"From 1991 to 2019, Werner J. Patzelt (born 1953) has been full professor of “Political Systems and Comparative Analysis” at the Technical University of Dresden, Germany. After having received his academic education at the universities of Munich, Strasbourg and Ann Arbor / Michigan, he earned his PhD from Passau University 1984, where he then started his academic career.
Apart from Passau and Dresden, he has taught at the universities of Paris (École pratique de hautes études), Moscow (Higher School of Economics), and at summer schools of the International Political Science Association (IPSA) in Ankara, Antalya, Mexico City, Naples, Stellenbosch, and St. Petersburg. From 2009 to 2014 he was an elected member of the Executive Committee of the International Political Science Association; since 2016 he is IPSA’s summer school coordinator.

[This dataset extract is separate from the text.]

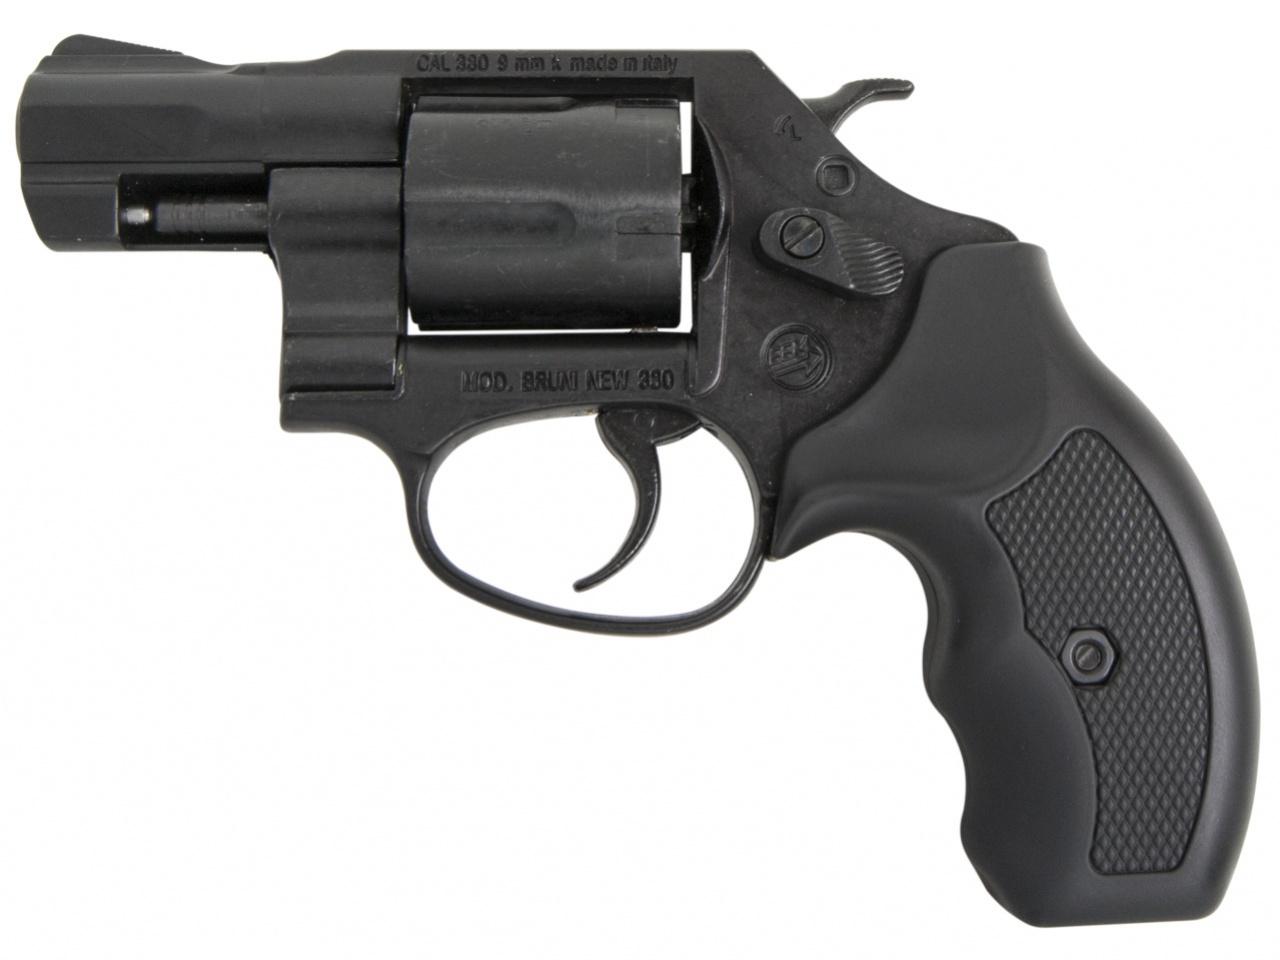 Plynový revolver Bruni NEW 380 Python 2
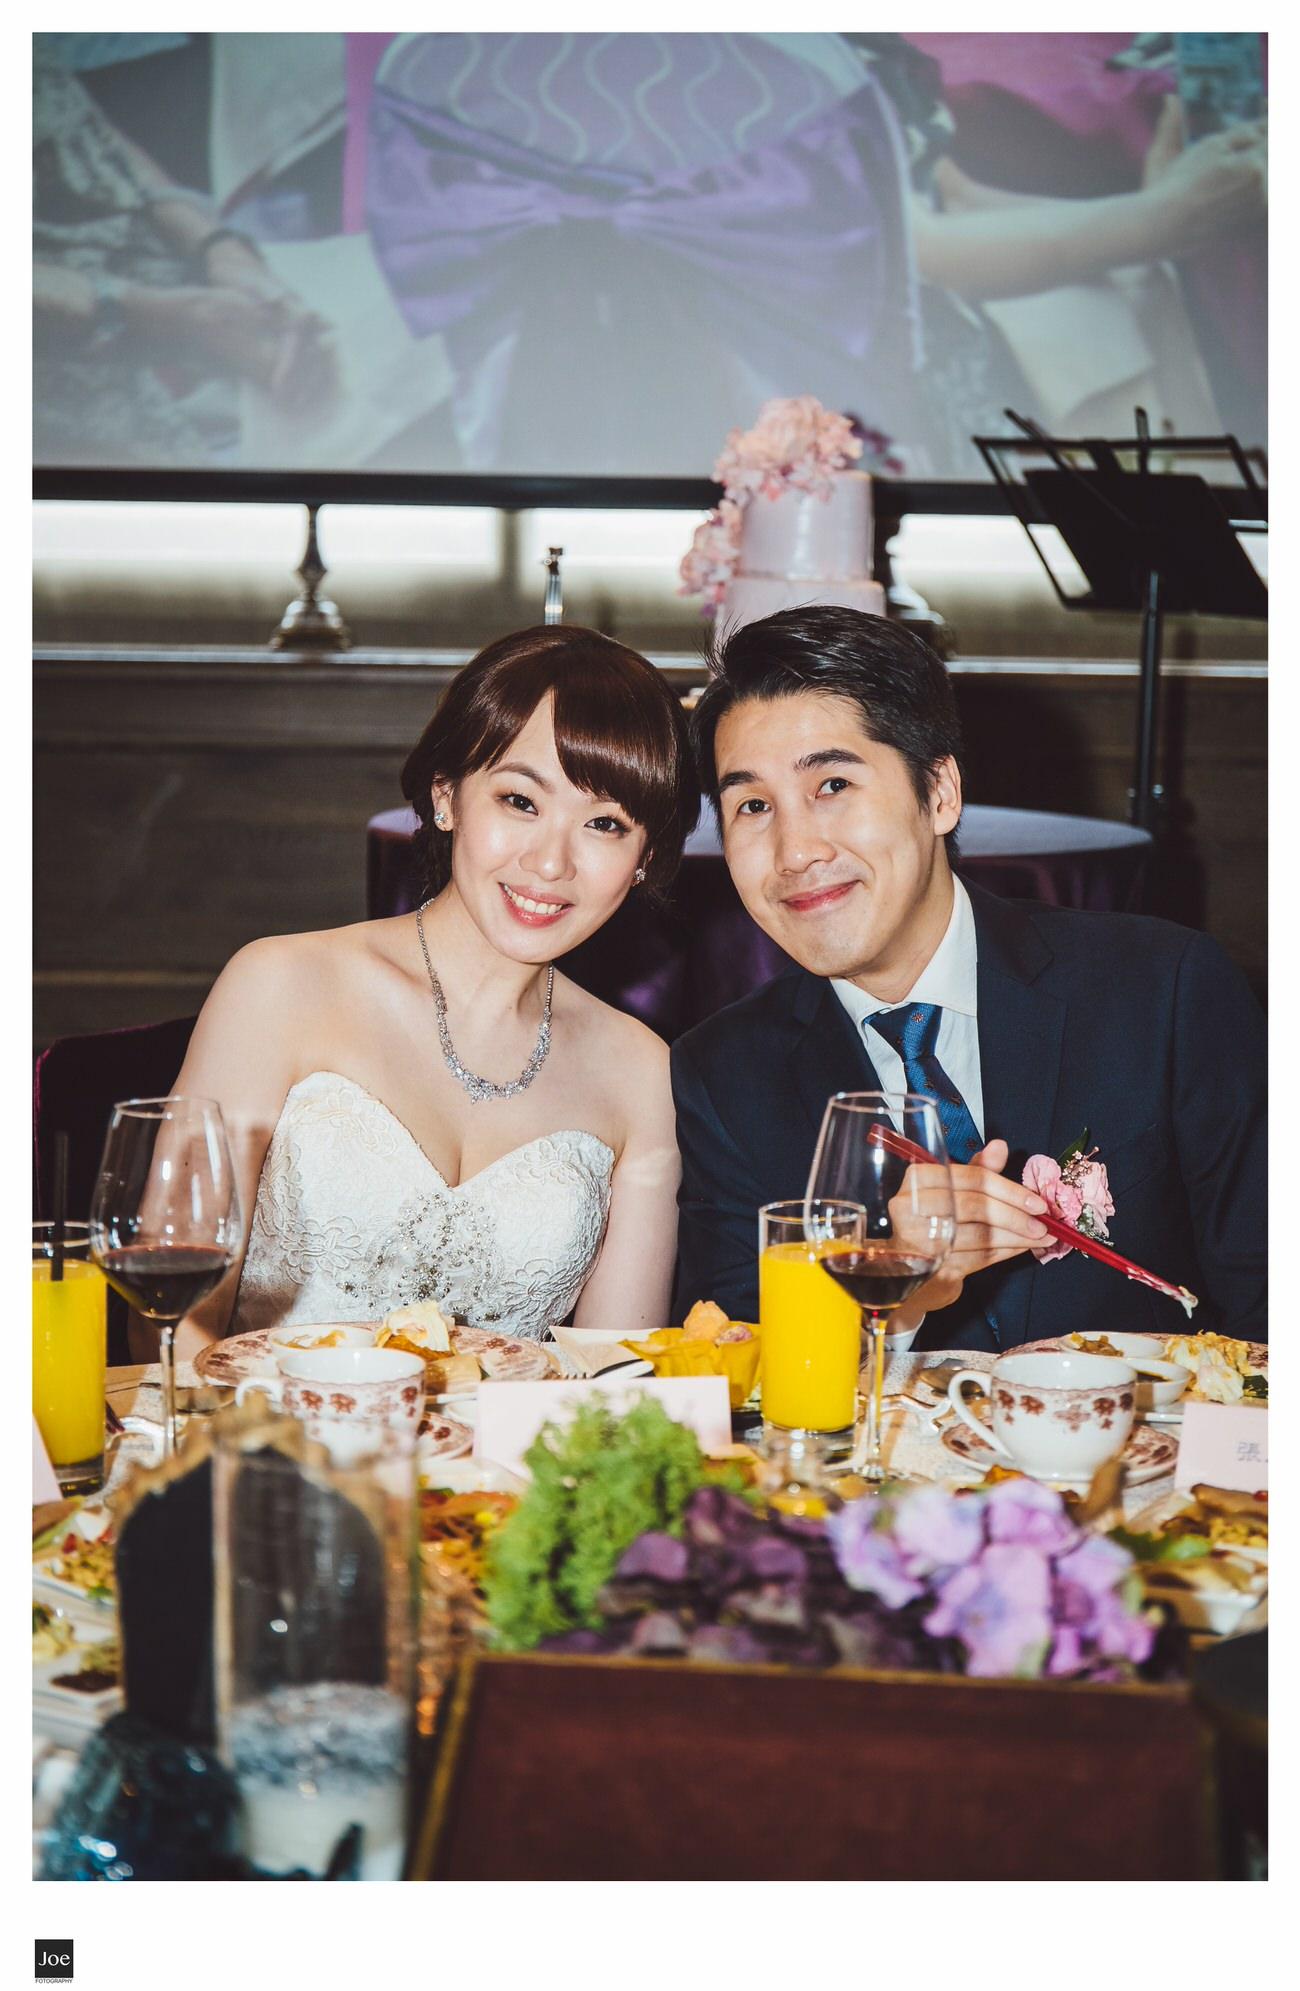 joe-fotography-wedding-photo-palais-de-chine-hotel-035.jpg

Awards: 1984 Cultural Award of Eastern Bavaria for the PhD-dissertation “Foundations of Ethnomethodology”; 1994 Science Award of the Deutsche Bundestag for the habilitation thesis “Members of Parliament and Representation”
His research interests include legislatures, parties, political culture, political communication, comparative historical political systems, evolutionary institutionalism, and social science epistemology & methodology. He is co-editor of the book series “Studien zur Parlamentarismusforschung” [Studies in parliamentary research] and member of the editorial board of the “Zeitschrift für Parlamentsfragen” [Journal of parliamentary affairs]. In addition he is active as a commentator of ongoing political events in newspapers, on radio, and on tv.
Awards: 1984 Cultural Award of Eastern Bavaria for the PhD-dissertation “Foundations of Ethnomethodology”; 1994 Science Award of the Deutsche Bundestag for the habilitation thesis “Members of Parliament and Representation”
In addition to some 80 more casual scientific texts, and to more than 300 journalistic articles and interviews, he has published roughly 100 articles in professional journals and some 250 book chapters. They cover, often in a comparative perspective, numerous topics of legislative research in a broad sense, political culture, populism, and evolutionary theory in the social sciences.